I'm having big troubles trying to solve this limit:
$$\lim_{x\to 0} \quad x(2-x)\sqrt{\frac{1}{x^2}-\frac{4e^{-2x}}{(1-e^{-2*x})^{2}}} + x$$
The result is zero, but I can't figure out how to get there.
I was trying to make a "sandwich" by making an upper and lower approximation using the fact that $1/e < 1/(1+x)$ but this is getting me nowhere. Rationalisation isn't helping either.

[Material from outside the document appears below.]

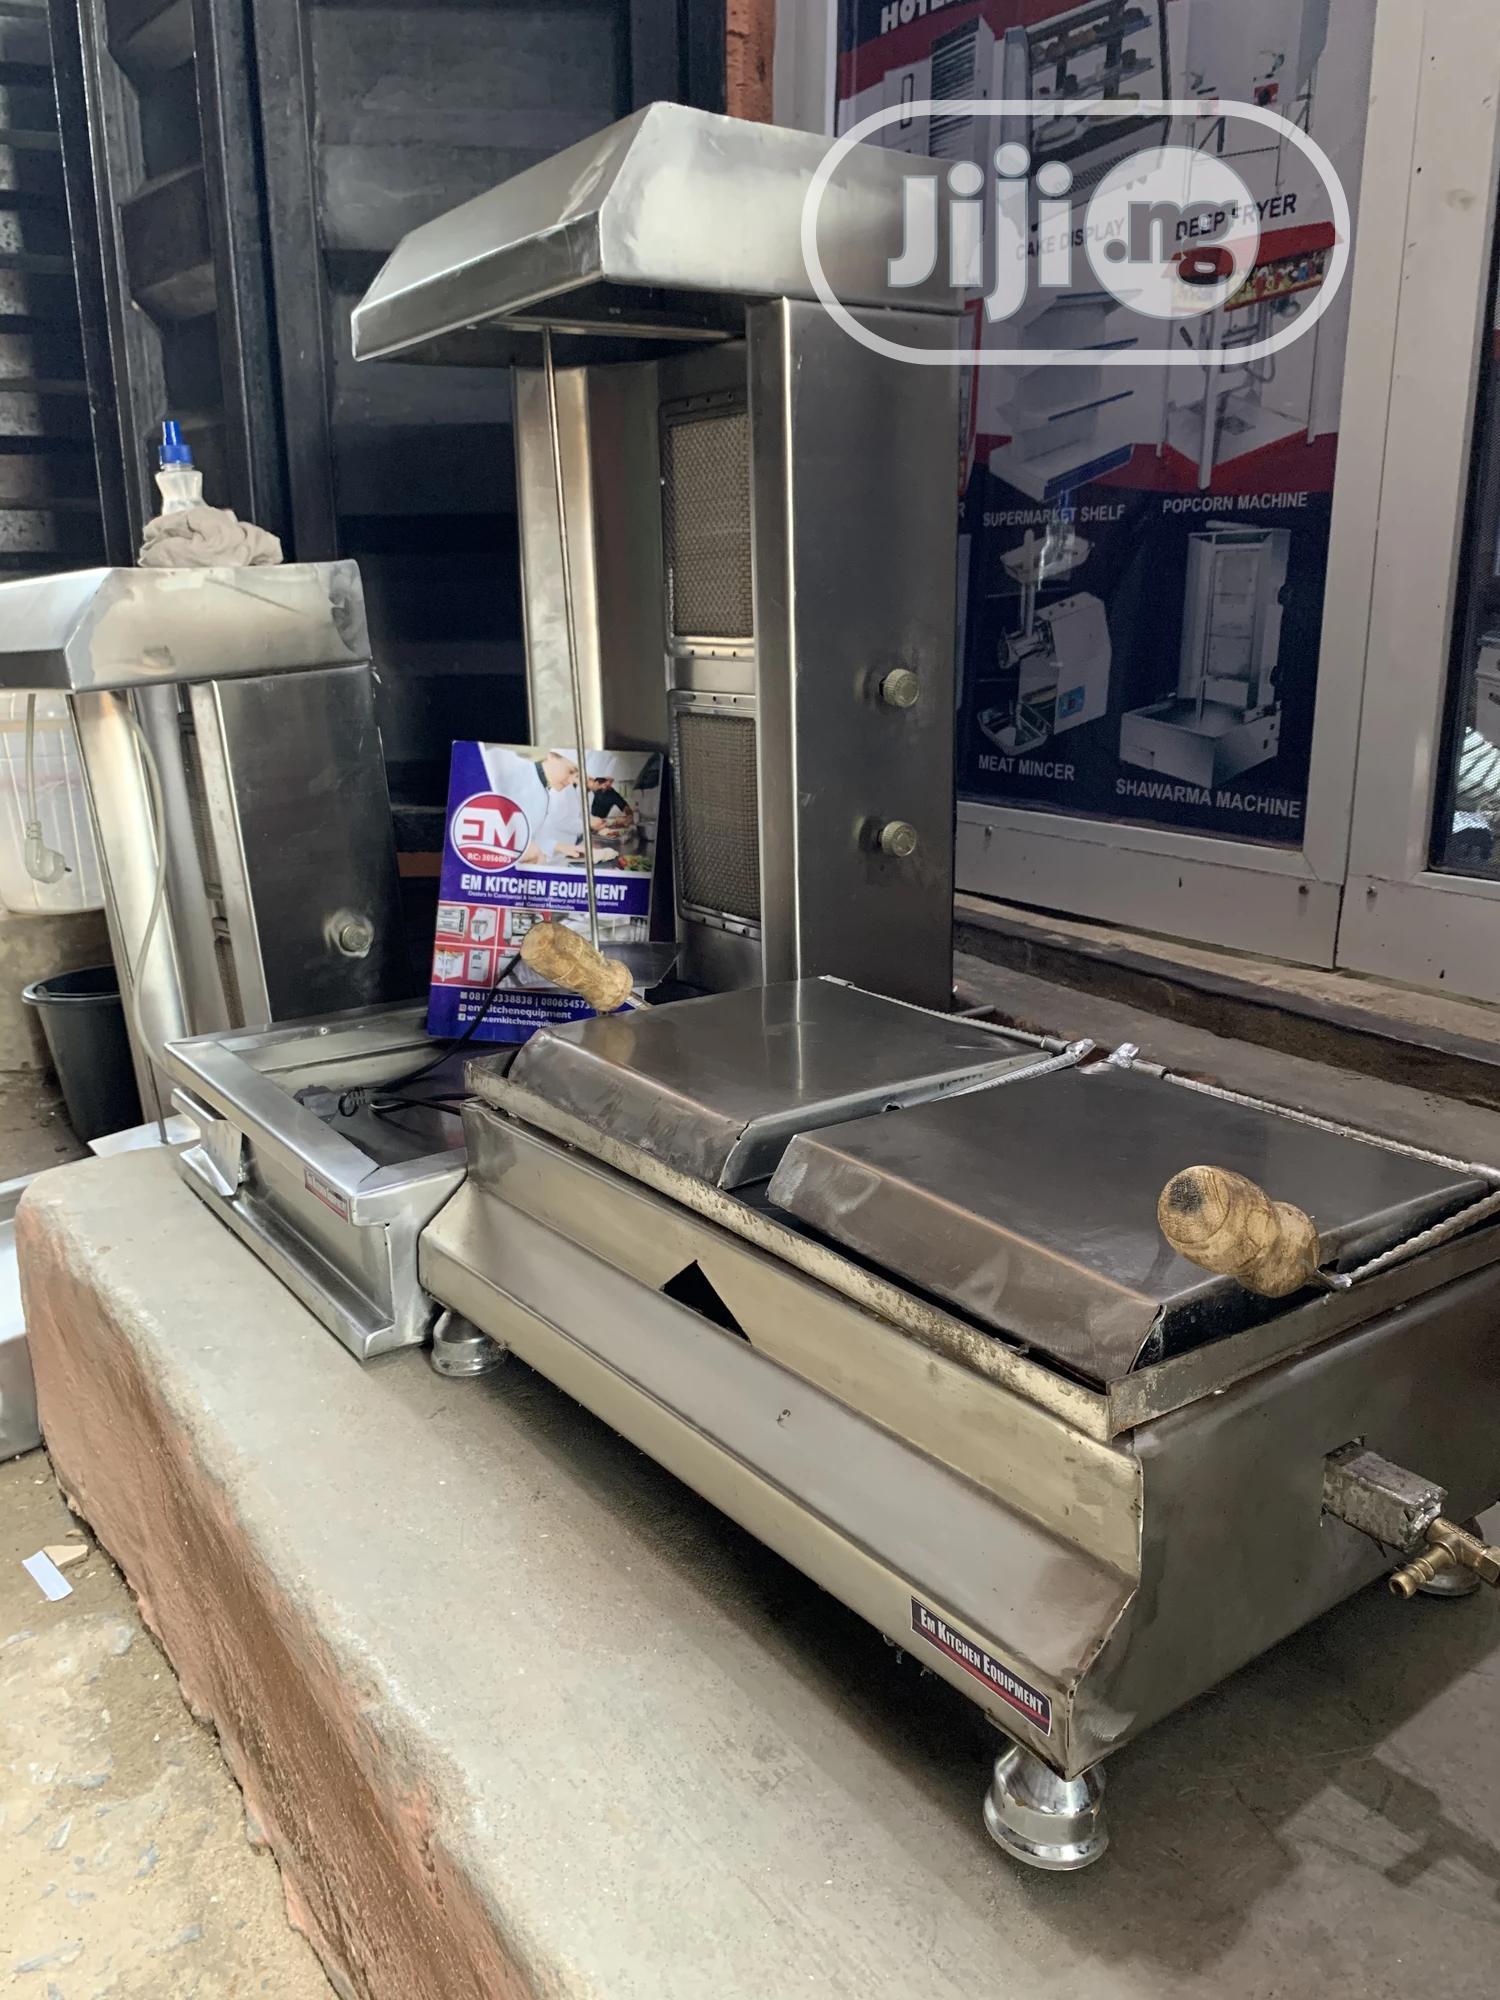 Shawarma Machine Grill And Toaster

Thank you in advance for your inputs
Bests
Note that
$$x(2-x)\sqrt{\frac{1}{x^2}-\frac{4e^{-2x}}{(1-e^{-2*x})^{2}}} + x=\frac{x(x-2)}{|x|}\sqrt{1-\frac{(2x)^2e^{-2x}}{(1-e^{-2x})^{2}}}+x=\frac x{|x|}(x-2)\sqrt{1-\left(\frac{2x}{1-e^{-2x}}\right)^2e^{-2x}}+x\to \pm1\cdot(-2)\cdot0+0=0$$
indeed $y=-2x\to 0$
$$\frac{2x}{1-e^{-2x}}=\frac{y}{e^{y}-1}\to 1$$